Ici, on parle encore de solitude, mais c’est celle d’une mère. Qui passe son temps à raconter sa vie au téléphone à ses enfants. Et à leur faire des reproches. C’est un très court roman, il fait 103 pages, et heureusement ! Cette femme est affreusement pénible.

Alors oui, elle est malade. Peut-être bipolaire ou “simplement” très anxieuse. Mais elle est surtout très égoïste et sans empathie aucune. Une mère toxique, très certainement.

Sur la 4ème de couverture, on peut lire un avis de Bernard Pivot “Jamais je n’ai autant ri. Toujours drôle, touchante, émouvante. De la dynamite de bonne humeur.”

J’avoue que je ne suis pas d’accord avec lui. Cette histoire ne m’a pas fait rire du tout.
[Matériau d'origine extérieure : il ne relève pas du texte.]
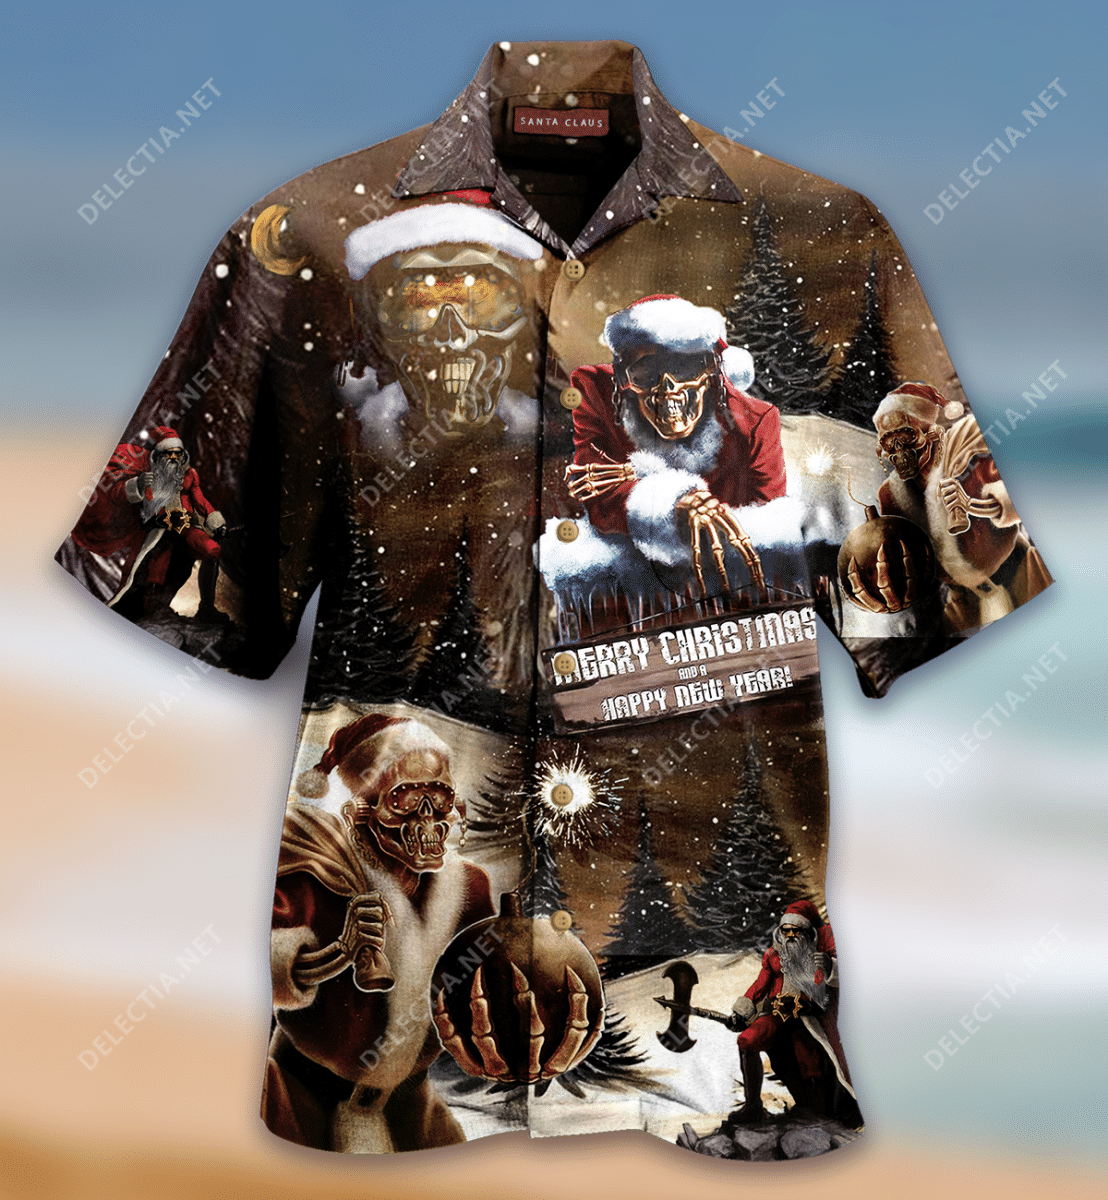 kurobase-all-i-want-for-christmas-is-santa-claus-hawaiian-shirt.png

J’étais triste à la fois pour cette femme visiblement dérangée et pour ses enfants devant la supporter…

C’est tellement criant de vérité en fait, que j’avais juste envie de l’étrangler ! Heureusement que je n’ai pas quelqu’un comme ça dans mon entourage, c’est tout bonnement insupportable. Mais ceci dit, bien vu et bien écrit, parce que ça m’a fait bondir plus d’une fois ! ;)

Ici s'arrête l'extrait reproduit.